── Records for processing ──

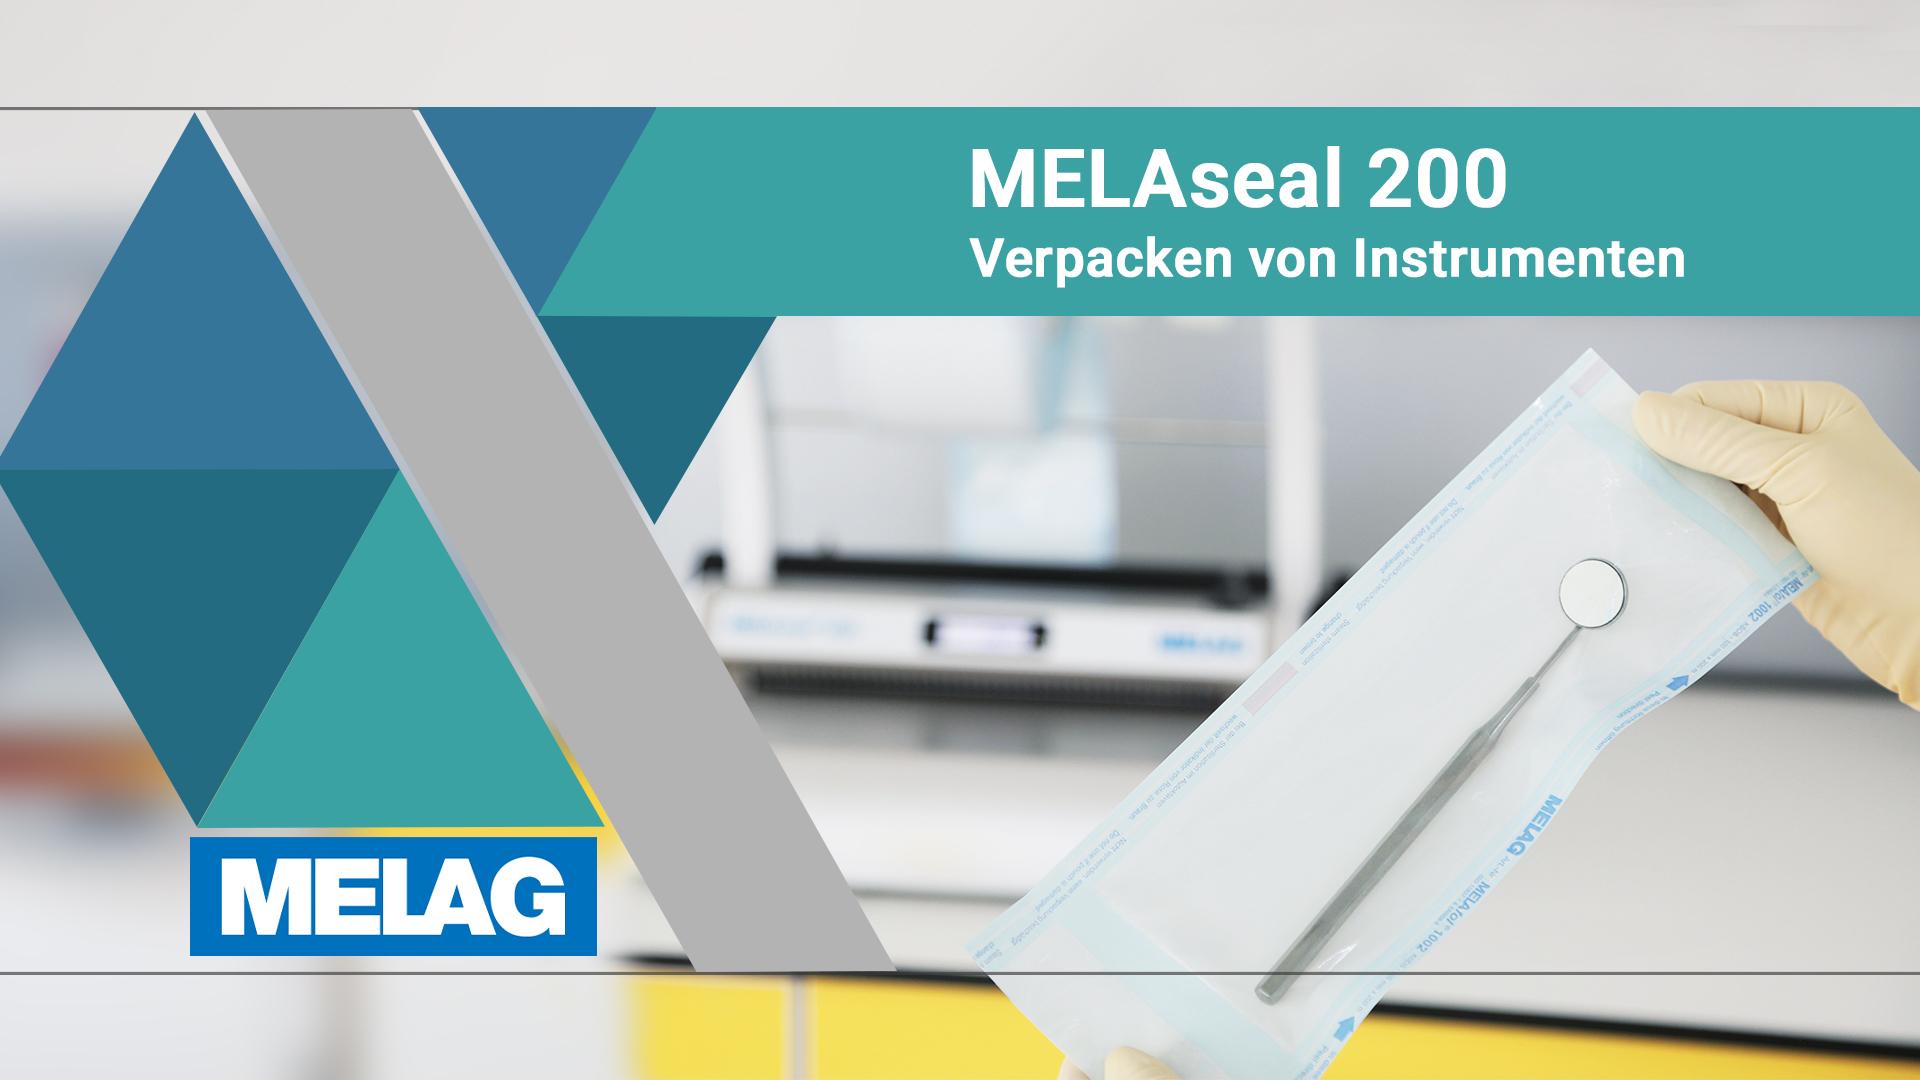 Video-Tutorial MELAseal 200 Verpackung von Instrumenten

───
── Records for processing ──

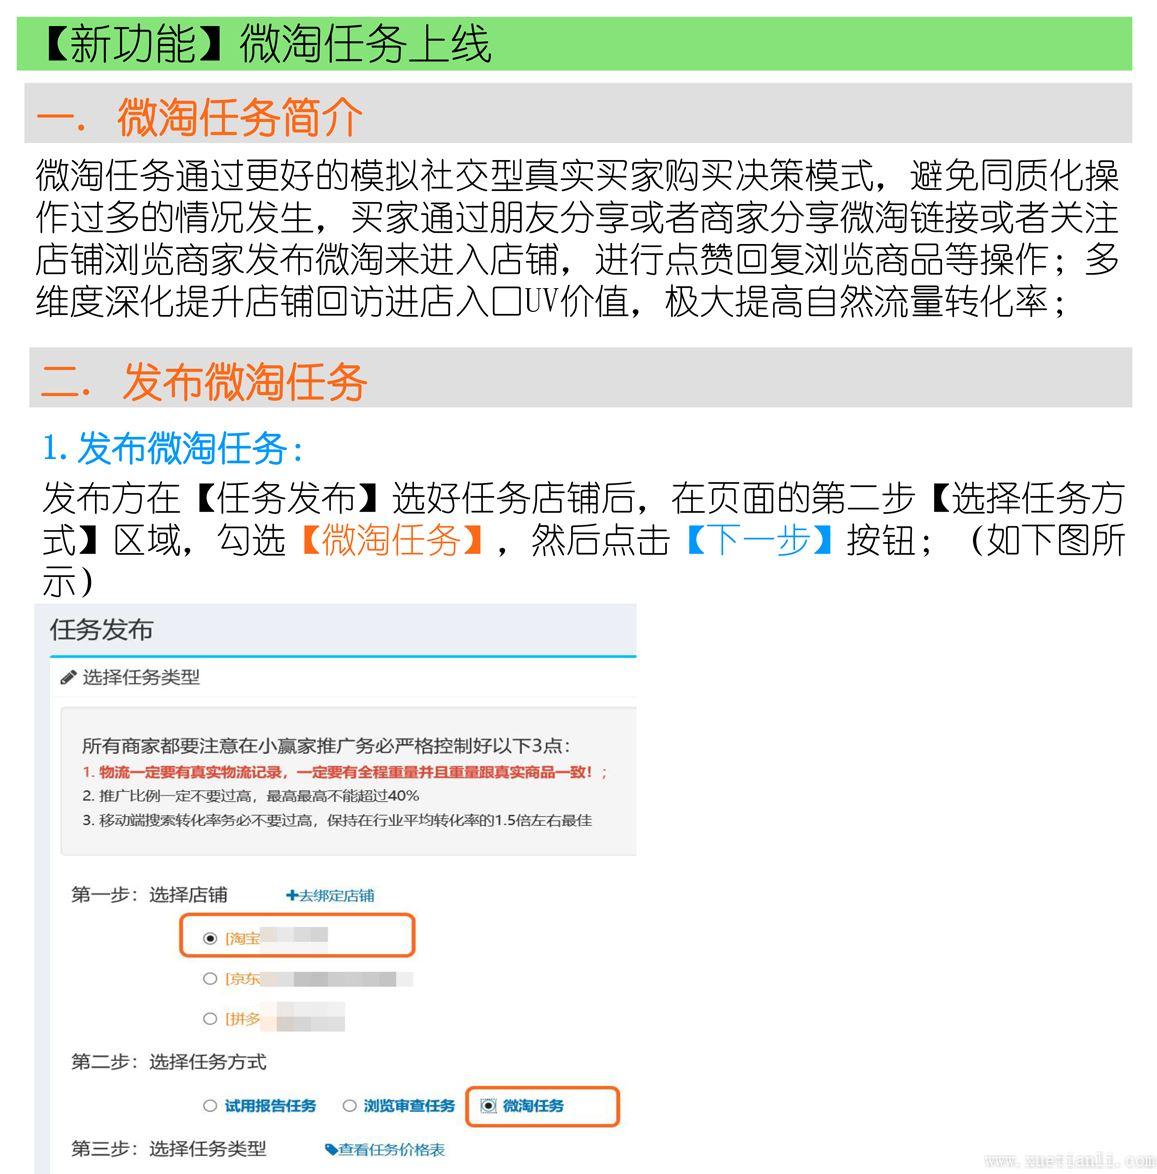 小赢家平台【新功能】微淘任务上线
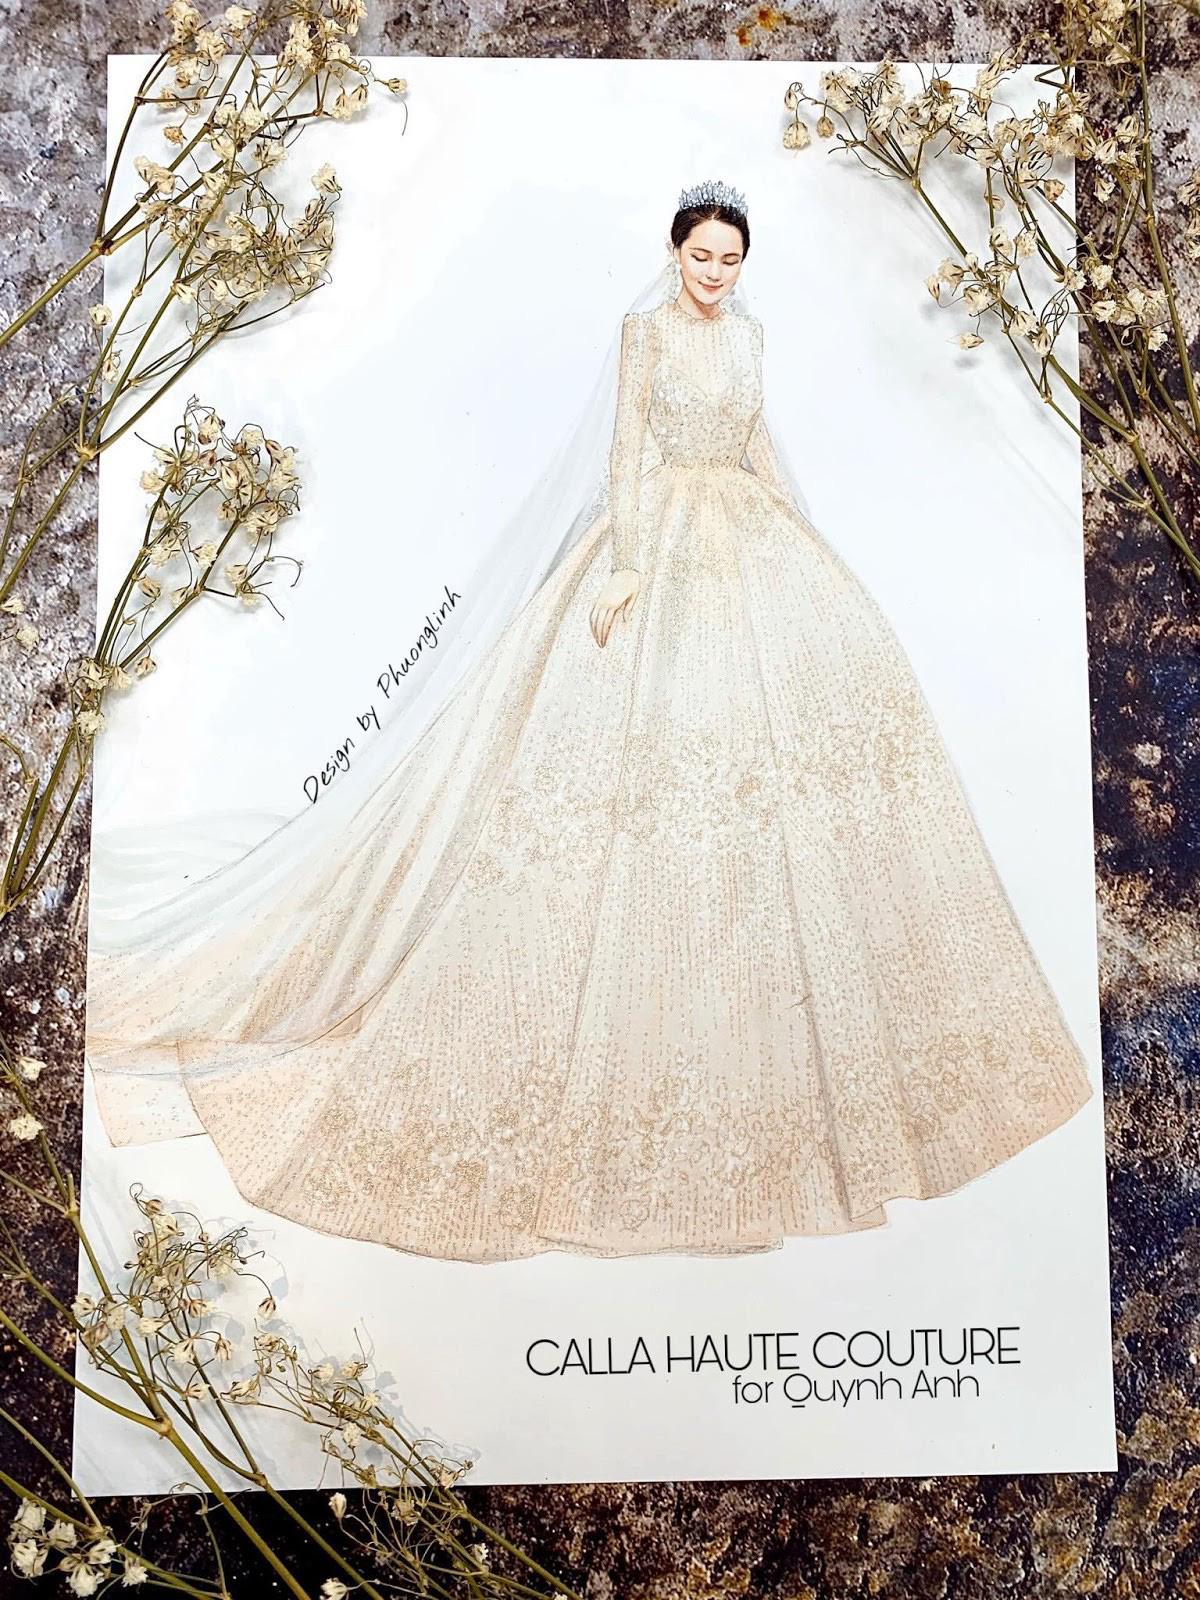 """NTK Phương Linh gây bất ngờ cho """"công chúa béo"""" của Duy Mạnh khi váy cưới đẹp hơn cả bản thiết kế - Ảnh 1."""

───

## The problem:
Your answer must be everything above from the line with "小赢家平台【新功能】微淘任务上线" down to the line with "Phương Linh gây", word for word, and no pictures.

## Solution:
 小赢家平台【新功能】微淘任务上线
 """NTK Phương Linh gây bất ngờ cho """"công chúa béo"""" của Duy Mạnh khi váy cưới đẹp hơn cả bản thiết kế - Ảnh 1."""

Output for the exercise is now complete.